**What this task involves:** Copy out exactly the lines that begin with the one containing "markise reinigen lassen kosten latest" and continue until the last line of the material.

**Information provided:**
┌────────
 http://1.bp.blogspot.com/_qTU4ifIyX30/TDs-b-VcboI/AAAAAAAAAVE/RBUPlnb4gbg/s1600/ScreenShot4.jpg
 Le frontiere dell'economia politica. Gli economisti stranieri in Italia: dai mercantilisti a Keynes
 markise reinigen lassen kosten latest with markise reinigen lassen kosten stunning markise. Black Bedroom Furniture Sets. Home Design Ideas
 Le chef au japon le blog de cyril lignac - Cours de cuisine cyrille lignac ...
└────────
**Result for this task:**
 markise reinigen lassen kosten latest with markise reinigen lassen kosten stunning markise. Black Bedroom Furniture Sets. Home Design Ideas
 Le chef au japon le blog de cyril lignac - Cours de cuisine cyrille lignac ...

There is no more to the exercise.